Washington Editor
Gamida Cell Ltd. now has the green light to proceed with a pivotal study of its allogeneic stem cell product StemEx in hematological malignancies, leukemia and lymphoma.
The company, of Jerusalem, reached an agreement under a special protocol assessment with the FDA on the design of a global, historical-controlled trial to support approval. In short, that means the Phase III study is adequately designed for an eventual marketing application, pending positive data, and it's set to begin early next year.
"The field of cell therapy is very new," President and CEO Yael Margolin told BioWorld Today, "and there aren't yet very clear regulations." But the SPA process lays out a roadmap for StemEx's registration, especially given the "quite innovative" inclusion of the historical control arm. Margolin declined to specify the nature of that comparator group, though she noted that the FDA agreed that its use represents "a true control" and would not lead to bias in the trial's final analysis. After the study has gotten under way, Gamida Cell would publish findings on the historical cohort in a peer-reviewed journal, she said.

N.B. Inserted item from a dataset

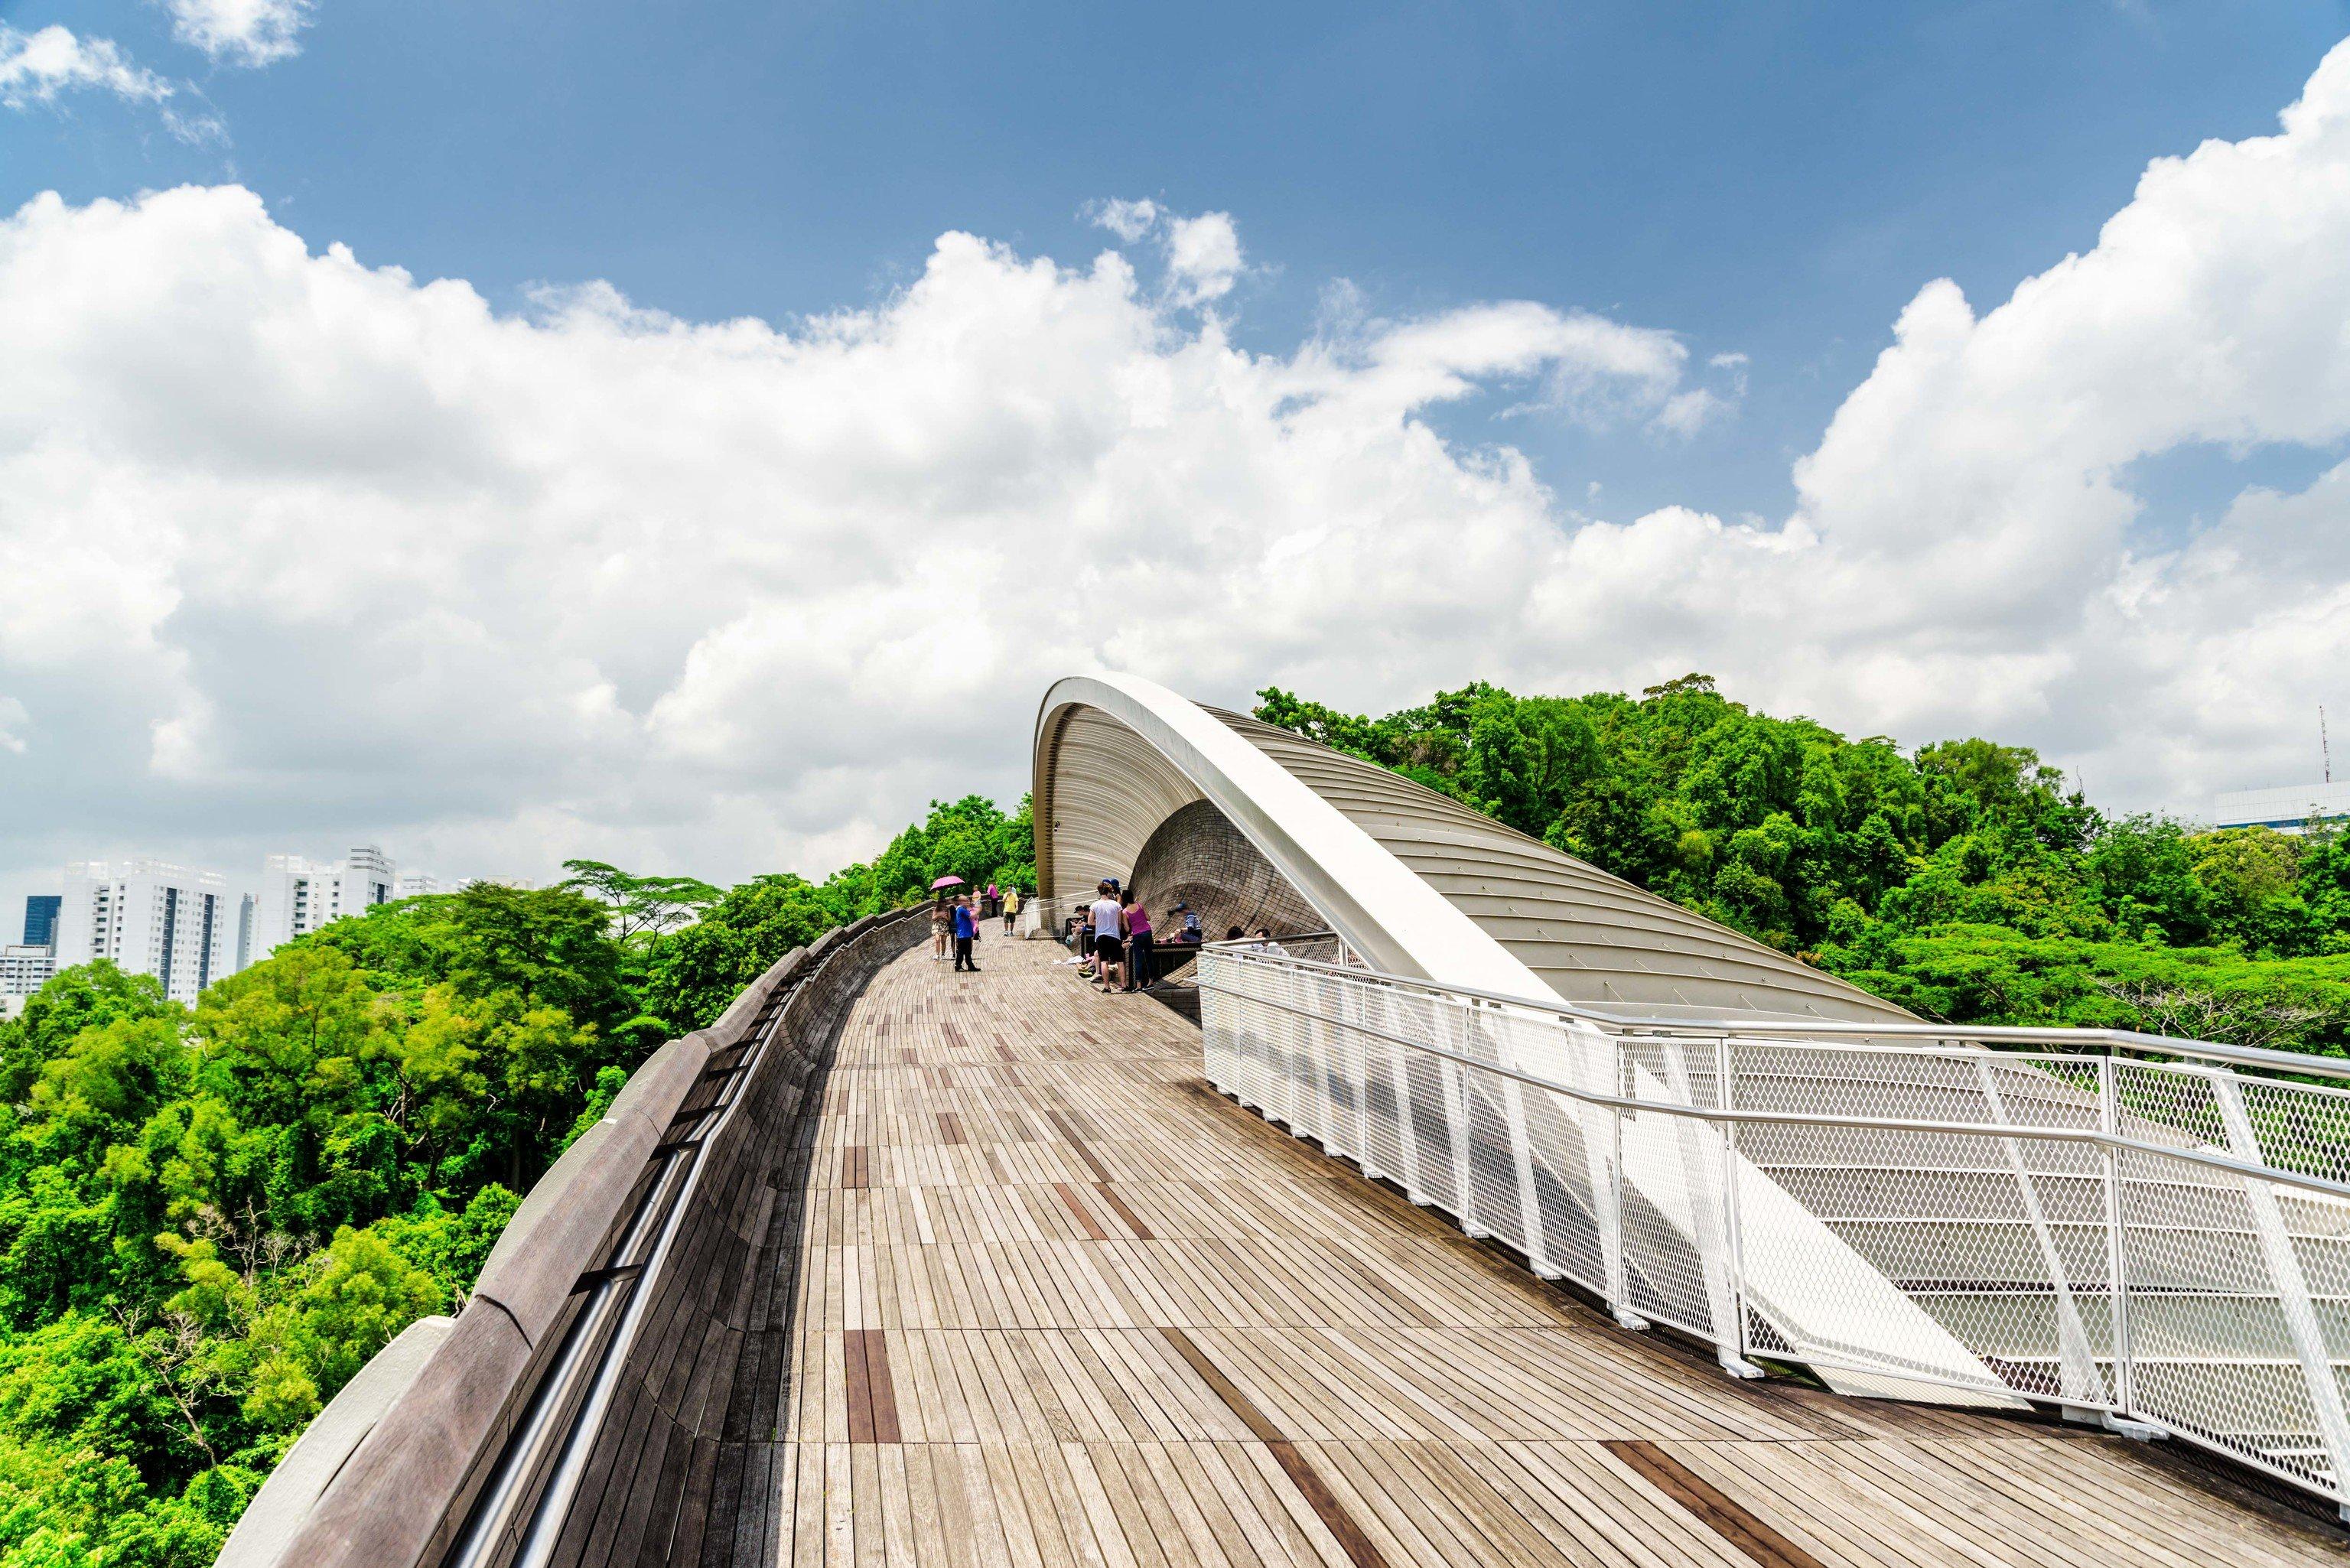 Offbeat Singapore Trip Ideas sky cloud tree bridge plant fixed link walkway leisure roof outdoor structure landscape boardwalk tourism vacation

The trial will take place in the U.S., Europe and Israel over the course of about two years, ending late in 2008. Margolin expects StemEx would reach the market in 2009, as planned.
She declined to comment on the study's size or endpoints, but past findings show the product's potential. A Phase I/II study conducted at the M.D. Anderson Cancer Center in Houston demonstrated efficacy trends, as StemEx treatment improved leukemia patients' short-term survival and was engrafted in all who were evaluable, in a median of 52 days. In terms of safety, its use led to graft-vs.-host disease in just 20 percent of patients, a complication common to traditional bone marrow transplants.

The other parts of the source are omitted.